____ Material provided
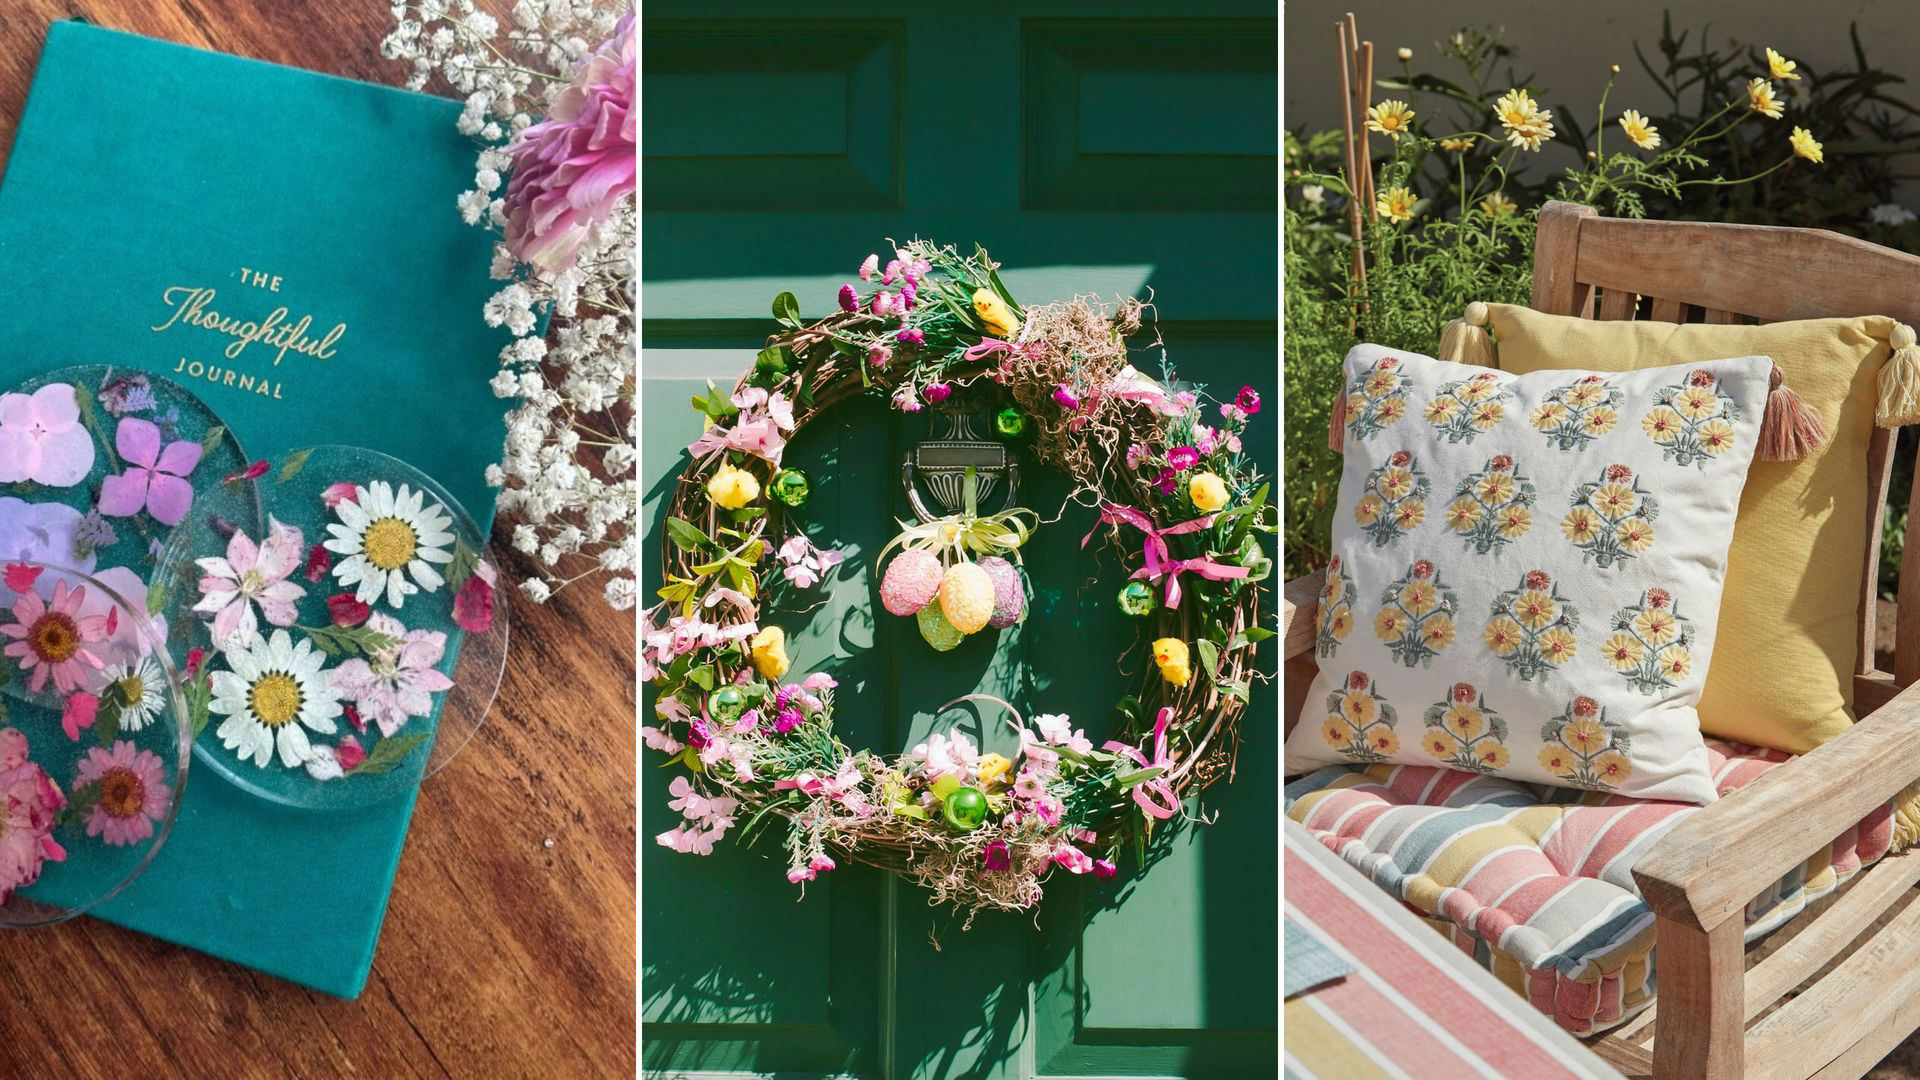 7 easy spring DIY ideas to get crafting with this season
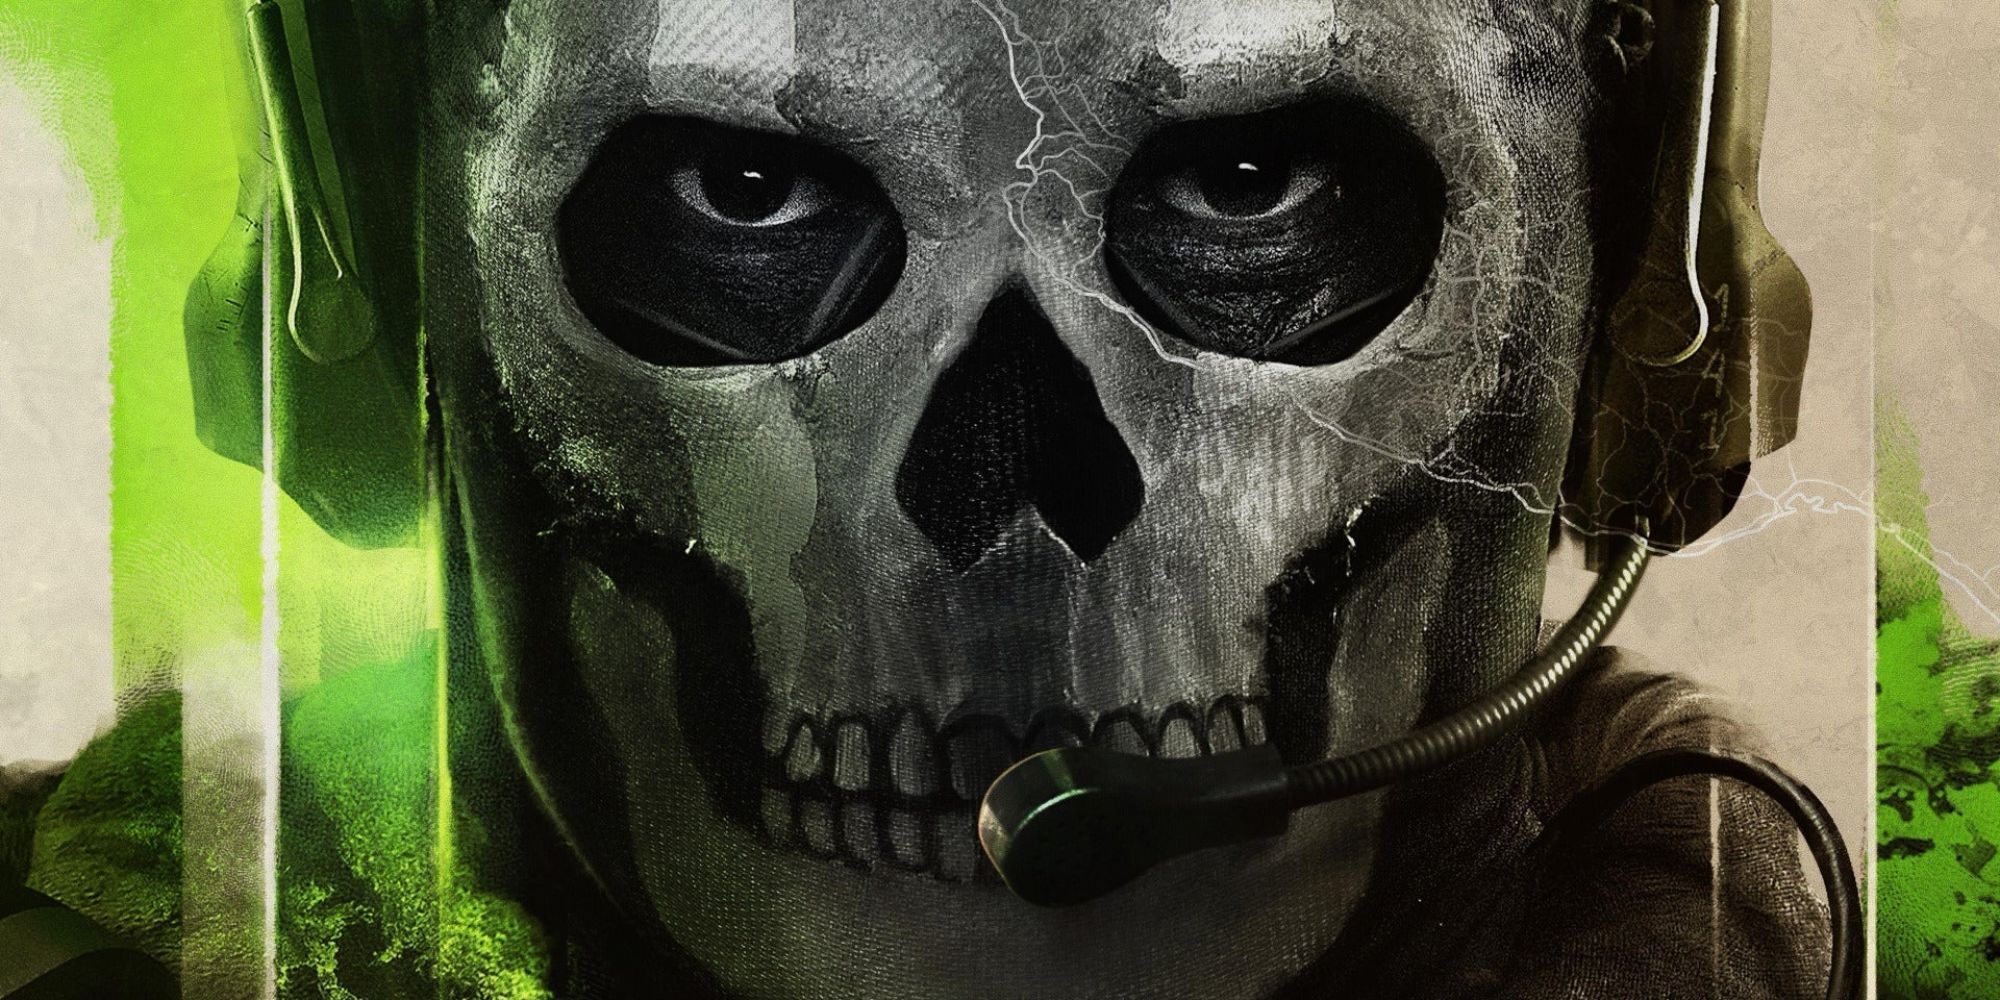 Ghost on the promotional art for Call of Duty Modern Warfare 2.
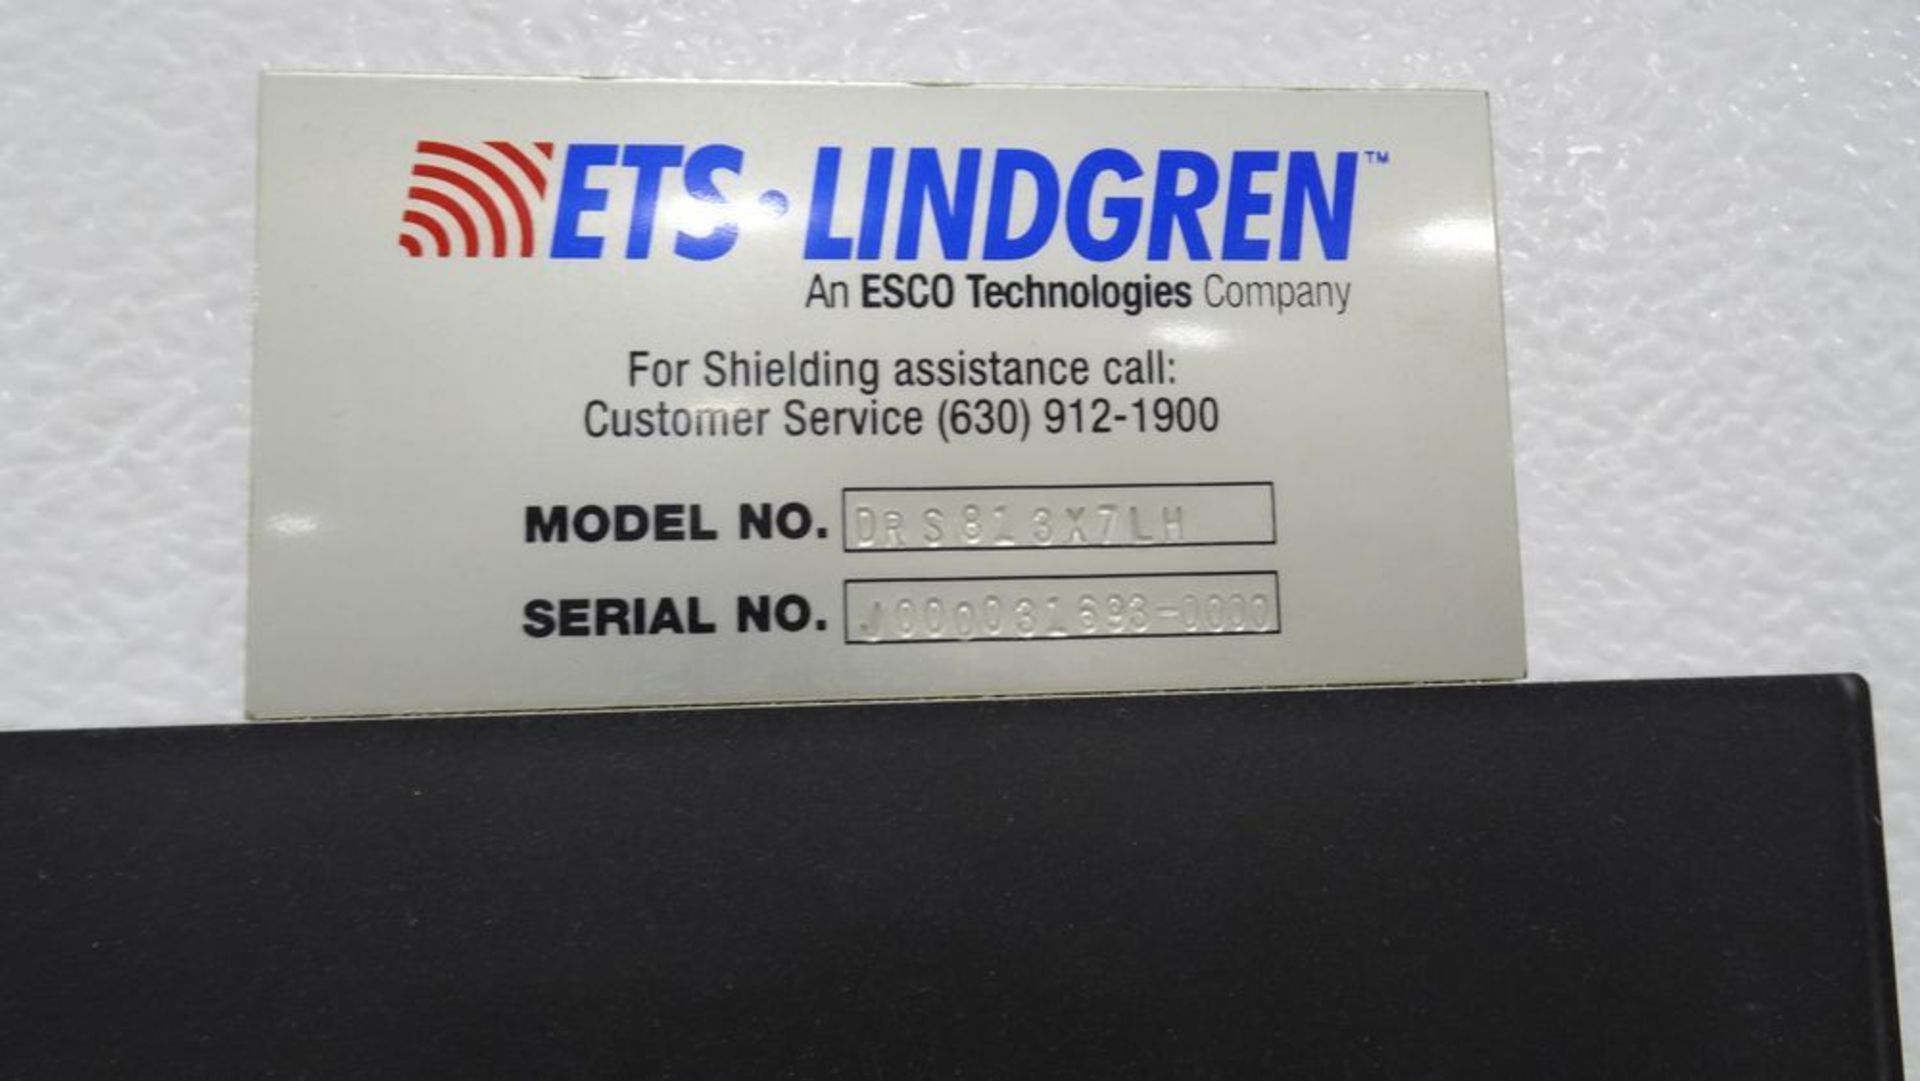 2008 ETS-LINDGREN DRS813X7LH RADIO FREQUENCY SHIELDED ROOM, S/N J000031693-0000, 148"W X 98"L X 98"H - Image 3 of 6
________
Brief: Would you restate, word for word, the lines from the one holding "Ghost on the" through the end of the material above? Omit the pictures.

Written answer:
 Ghost on the promotional art for Call of Duty Modern Warfare 2.
 2008 ETS-LINDGREN DRS813X7LH RADIO FREQUENCY SHIELDED ROOM, S/N J000031693-0000, 148"W X 98"L X 98"H - Image 3 of 6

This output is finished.